Someone made a sarcastic reference to "colonies." An ancestor of mine, who happened to be English, by the way, shouldered a musket with Gibson's Company, Second Battalion, Cumberland County Militia, in the Pennsylvania Line. I don't know why I mention it, it just seemed relevant somehow. He was the son of Quaker expatriates, and born in Maryland. I suspect he joined in Pennsylvania to earn the bounty of land on the frontier, which he later claimed. Or maybe it was he just got so g*d d****d pissed off at English presumptuousness.


----------



## GermansRGeniuses (Feb 16, 2004)

nicely put but u should register


----------



## Viper (Feb 16, 2004)

the lancaster kicks ass said:


> hey, i wassn't dissin nobody, i was merely stating...............


exactly what are you stateing?


----------



## Hot Space (Feb 16, 2004)

Visitor said:


> Hot Space: thank you for the link to Swedish aircraft. The J22 is an efficient-looking craft; neat and compact. Note how the Swedes preferred to arm it with cannon, rather than with machine guns. The British Spitfire was armed with machine guns. The German ME-109 was equipped with cannon. I have seen--something on television--comparing the relative effectiveness of the two armaments. The cannon was clearly superior, being more likely to cause catastrophic structural failure with a single hit; as opposed to the reliance on the sheer volume of gun rounds to cause damage.
> Someone made a sarcastic reference to "colonies." An ancestor of mine, who happened to be English, by the way, shouldered a musket with Gibson's Company, Second Battalion, Cumberland County Militia, in the Pennsylvania Line. I don't know why I mention it, it just seemed relevant somehow. He was the son of Quaker expatriates, and born in Maryland. I suspect he joined in Pennsylvania to earn the bounty of land on the frontier, which he later claimed. Or maybe it was he just got so g*d d****d pissed off at English presumptuousness.



Sounds like your Family has a long and noble history there, M8 8) 

One thing though, could you please refrain from swearing as some people might take some offensive, M8  

Thanks

Hot Space


----------



## Anonymous (Feb 19, 2004)

Hot Space: I hope everyone understands that the swearing was meant tongue-in-cheek. If anyone has taken offense, I do apologize. Somebody suggested I should register. Someone else hinted there may be something sinister in my relative anonymity. I mean, it's all handles here, right? Maybe I haven't registered because nobody as yet has invited me.
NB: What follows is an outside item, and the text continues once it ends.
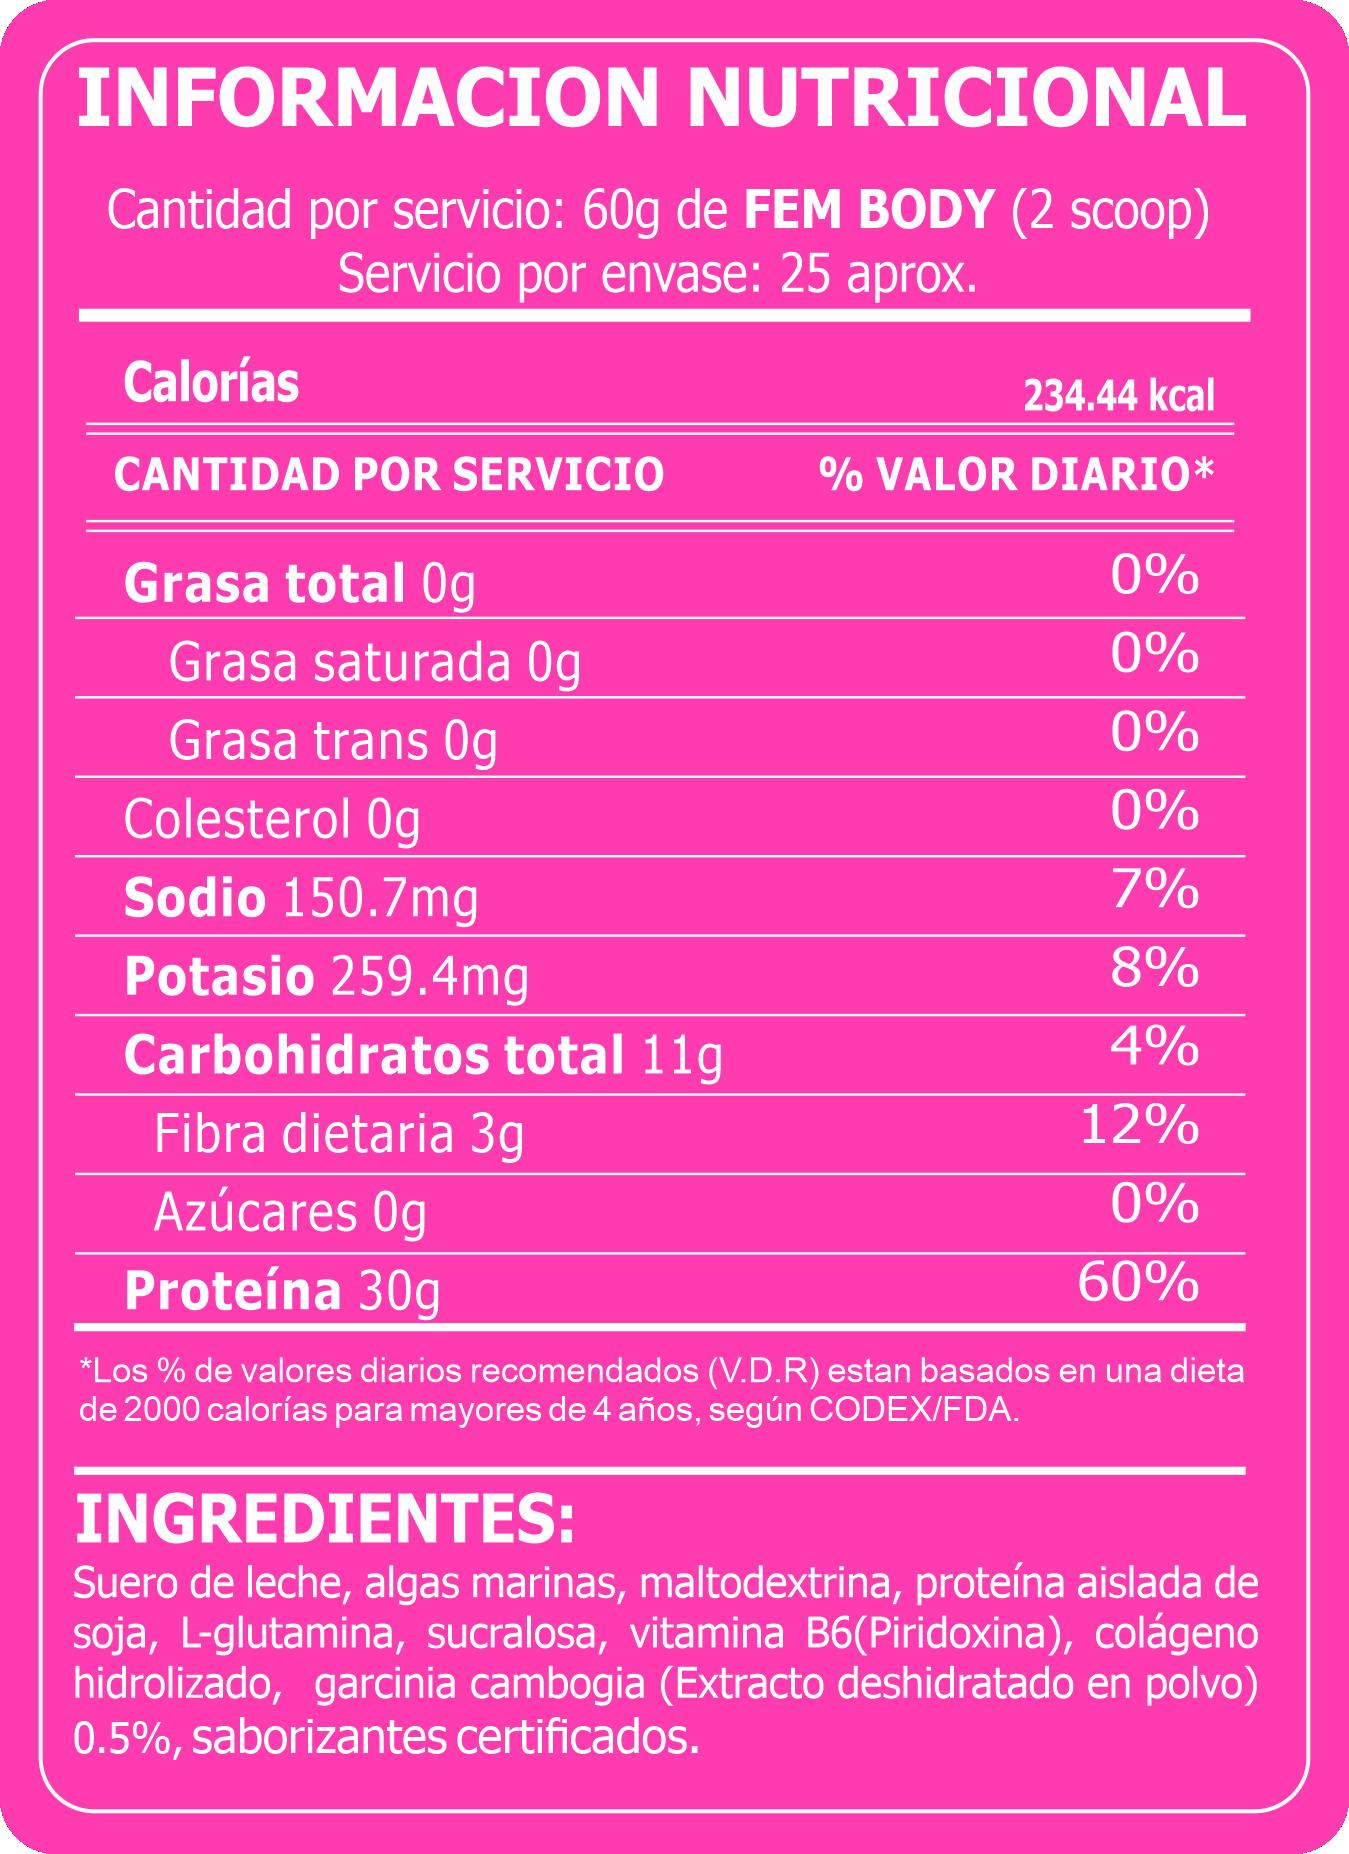 Tabla Nutricional FEM BODY

Let's see. . .my favorite aircraft of all time is the DC-3, aka. the C-47. Maybe that would be a good handle.
Back on the subject of fighter planes, an advantage of arming with machine guns is that the pilot's marksmanship doesn't need to be as near perfect as it needs to be with the 9mm cannon. In the First World War, at Jutland, the German navy were better marksmen, but the British had a faster rate of fire. It's an example of two different cultures reflected in distinctly different approaches to the problem. Does anyone know, were any of the American fighters equipped with cannon? The P-38 had one in its nose, didn't it? And then the P-47 with those rockets. Now there was a real hog, that P-47. Zoom! Marksmanship? Yup. You bet. Amerikanische ingenuity?


----------



## C-47 (Feb 19, 2004)

Hello everyone. I only feel slightly less anonymous than I did ten minutes ago, but hey, we're all friends here, right? I mean, while I don't feel a need for phasers and photon torpedoes, I never go anywhere without my shields. I read and accept the terms, I only hope there are no serious hackers lurking. (That having been said, I guess I'll find out.) Anyway, I'm glad to be part of the crowd. Having grown up during the Cold War and Vietnam, I was inundated with military conditioning, so I have a predisposition deeply imbedded in my psyche to admire the elegant machines celebrated by this site, and to regard as beautiful machines engineered for lethal purposes. There's a certain ambiguity, or is it ambivalence in the handle I chose: C-47. While I love it as the DC-3, its incarnation as the C-47 wants this recognition. While it is true that there is no peaceful use for a cannon, the DC-3/C-47 demonstrates that there is versatility sometimes, like men who become warriors, then surviving the conflict, return to what they preserved. Anyway, glad to join you. Greetings from America!


----------



## Viper (Feb 19, 2004)

im suprised that there is such a small number of members here....this site really rocks


----------



## cheddar cheese (Feb 20, 2004)

sure does, its a great site 8) and what a great post from C-47, welcome 8)


----------



## C-47 (Feb 20, 2004)

Space, Viper, Cheese--thanks guys. What are some of the sights to see here? Are there other threads ongoing? How about a topic on favorite movies and television series? _Twelve O'Clock High_ has always been a favorite of mine. There was a series we saw here on PBS, from the BBC called _Piece of Cake_, a dramatic account of a Spitfire squadron in 1940. Great aerial footage with vintage aircraft.


----------



## cheddar cheese (Feb 20, 2004)

well, a lot of the threads started off as sensible discusions on a particular thing, such as the mustang, naval fighters etc, but most of them - ok then all of them turned into an argument over which was better out of the b-17 and the lancaster. that seems to have calmed down now though and its back to normal (just). if you ever want information about something, just ask and someone will be more than happy to help 8)


----------



## C-47 (Feb 20, 2004)

Sorry, Cheese. That anonymous guest who made the teasing remark about the Lancaster being such a homely thing was me, I'm afraid. Seemed to me everyone had fun with it. That's why I did it; just to stir things up a little. I was only stating the obvious, after all. 
The French had some excellent fighter aircraft in the First World War. Of course, they weren't in the second great war for very long, but did they have any good fighters in 1939-40? Newports? Spads?


----------



## cheddar cheese (Feb 20, 2004)

ill look into it 8)


----------



## cheddar cheese (Feb 20, 2004)

right here we go.

in the late 1930's the Dewotine company started development on a modern monoplane fighter. the early prototypes showed promise but the french authorities refused the design but a year later, another prototype was built that was better than the predecessor and this was accepted, the first order was taken. in june 1940, 400 examples were ready for action. unfortunately, most of these were captured by the luftwaffe and used as training planes. however, italy, romania and bulgaria utilized them into successful fighters.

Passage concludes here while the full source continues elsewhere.